=== Data provided ===

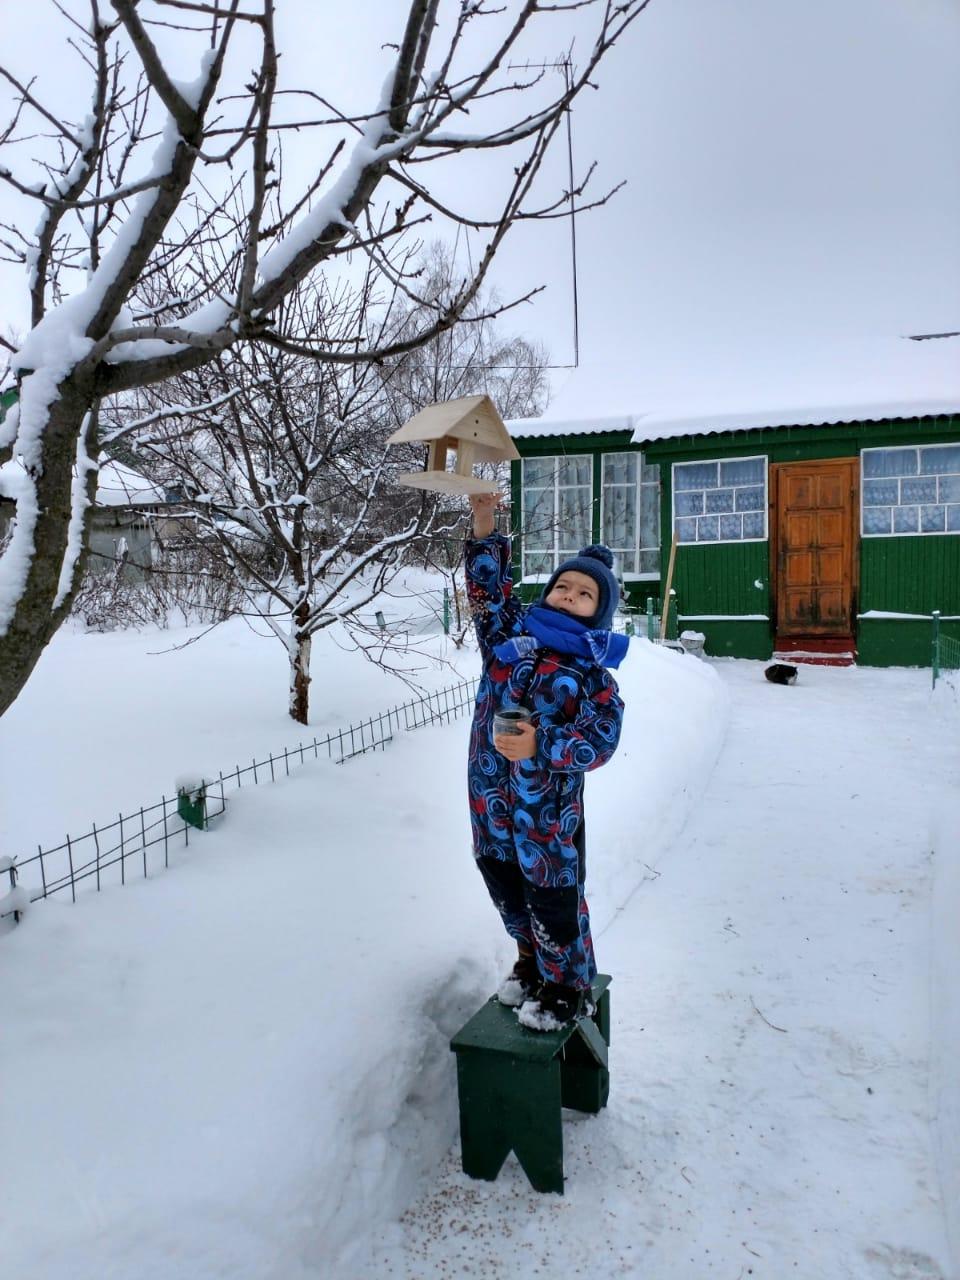 Покормите птиц зимой!. Веселая зима
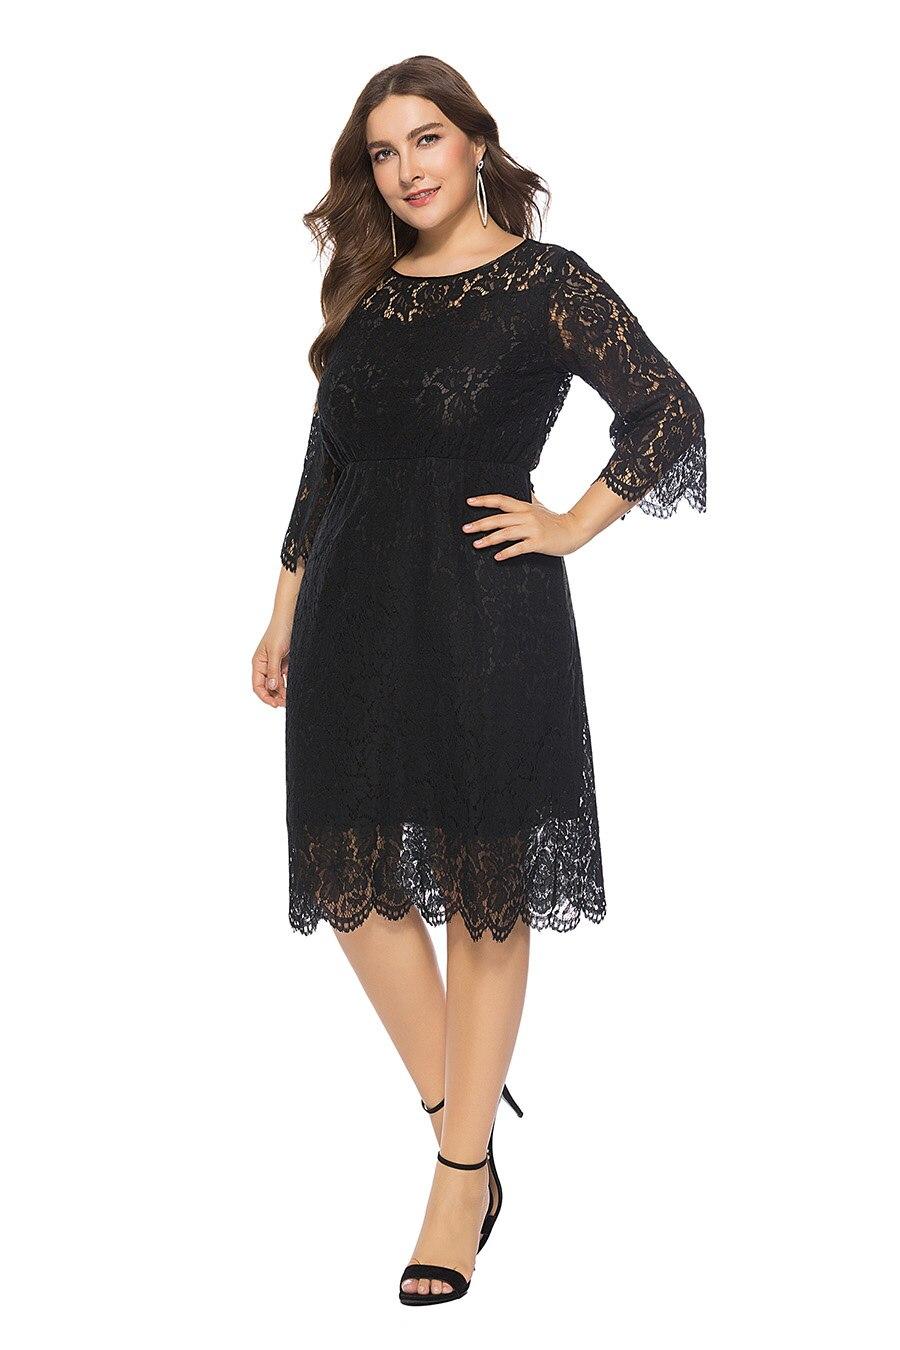 Bonnie Thea women plus size maxi dress XL-6XL autumn winter Elegant Vintage large  size Party dress long dresses vestidos clothesUSD 29.95-31.35 piece f2d07462d5d3
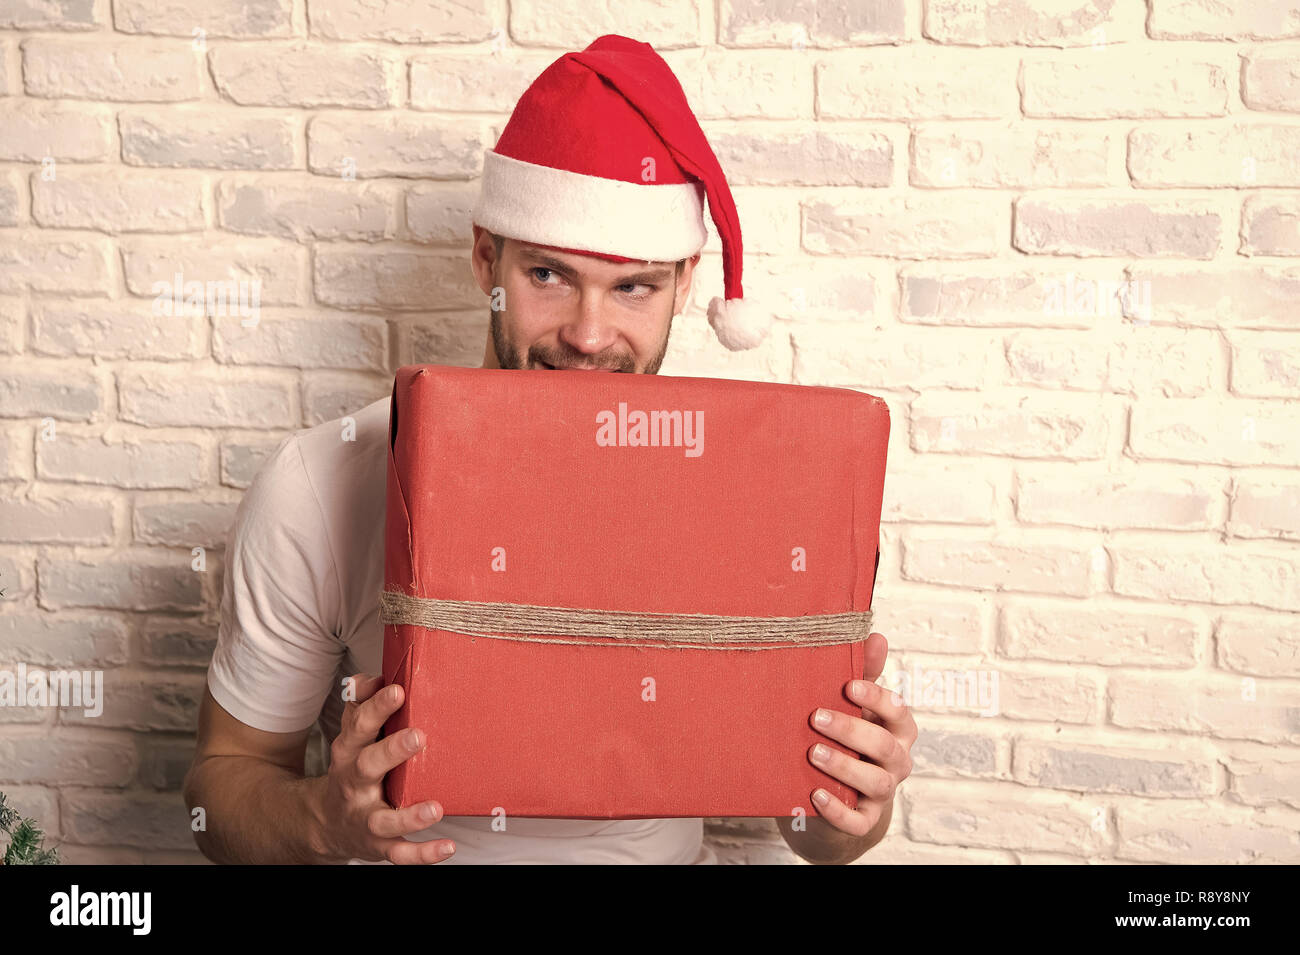 L'homme avec la ruse face à santa hat tenir enveloppé cadeau de noël fort rouge sur blanc mur de briques. Le don et l'échange. Boxing day concept. Photo Stock
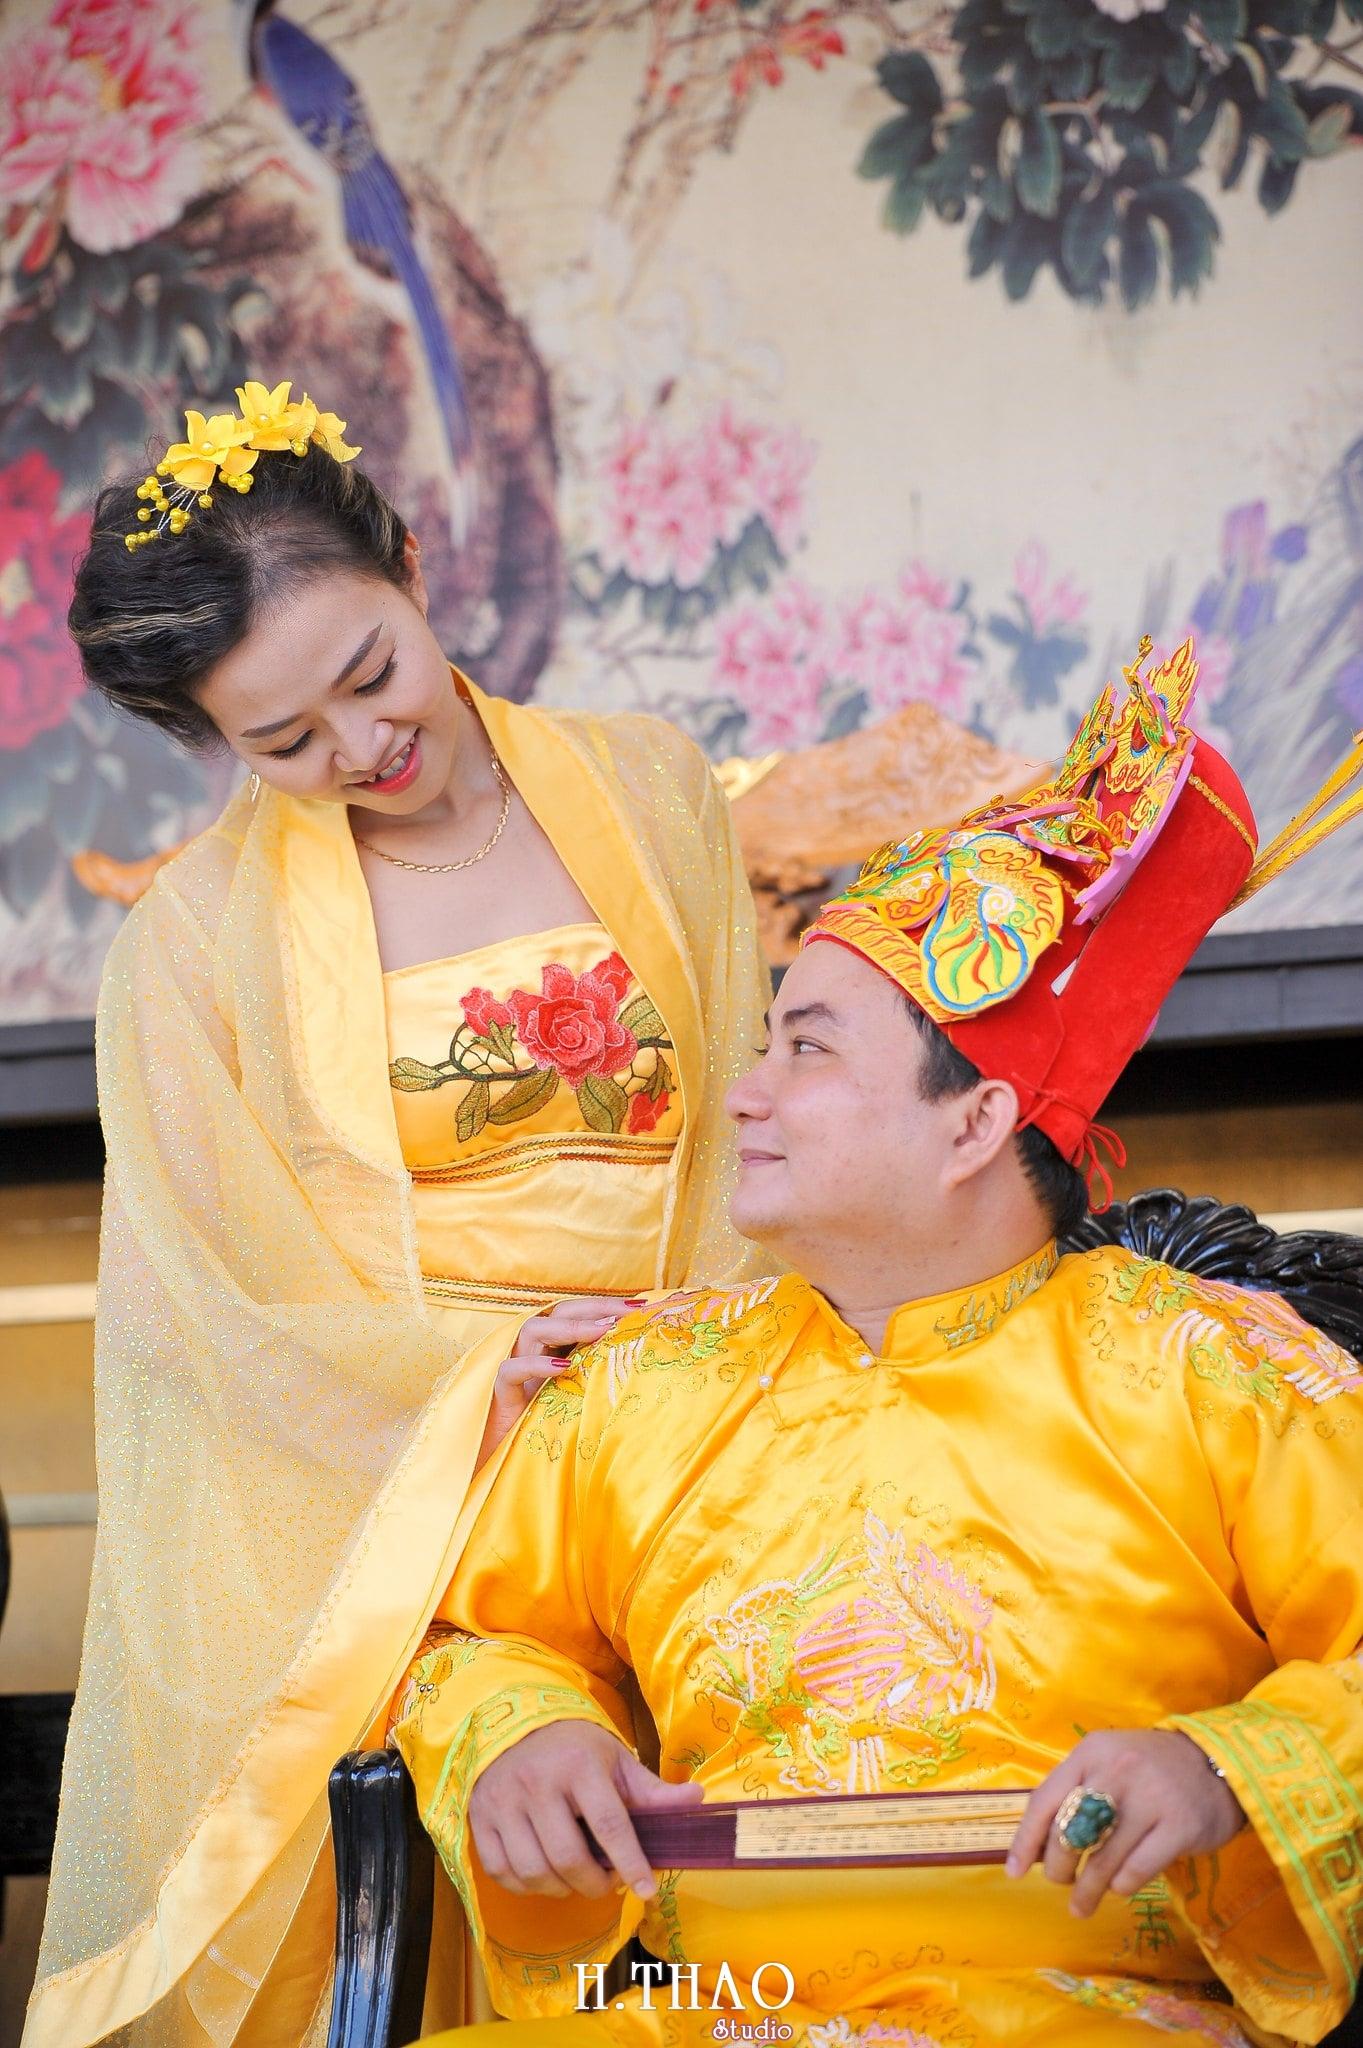 Anh co trang vua va hoang hau 4 - Bộ ảnh couple chụp theo phong cách cổ trang Vua - Hoàng Hậu

===

▶ Your task: Would you copy out every line of the data above exactly, minus the pictures?

▶ Written response:
 Покормите птиц зимой!. Веселая зима
 Bonnie Thea women plus size maxi dress XL-6XL autumn winter Elegant Vintage large  size Party dress long dresses vestidos clothesUSD 29.95-31.35 piece f2d07462d5d3
 L'homme avec la ruse face à santa hat tenir enveloppé cadeau de noël fort rouge sur blanc mur de briques. Le don et l'échange. Boxing day concept. Photo Stock
 Anh co trang vua va hoang hau 4 - Bộ ảnh couple chụp theo phong cách cổ trang Vua - Hoàng Hậu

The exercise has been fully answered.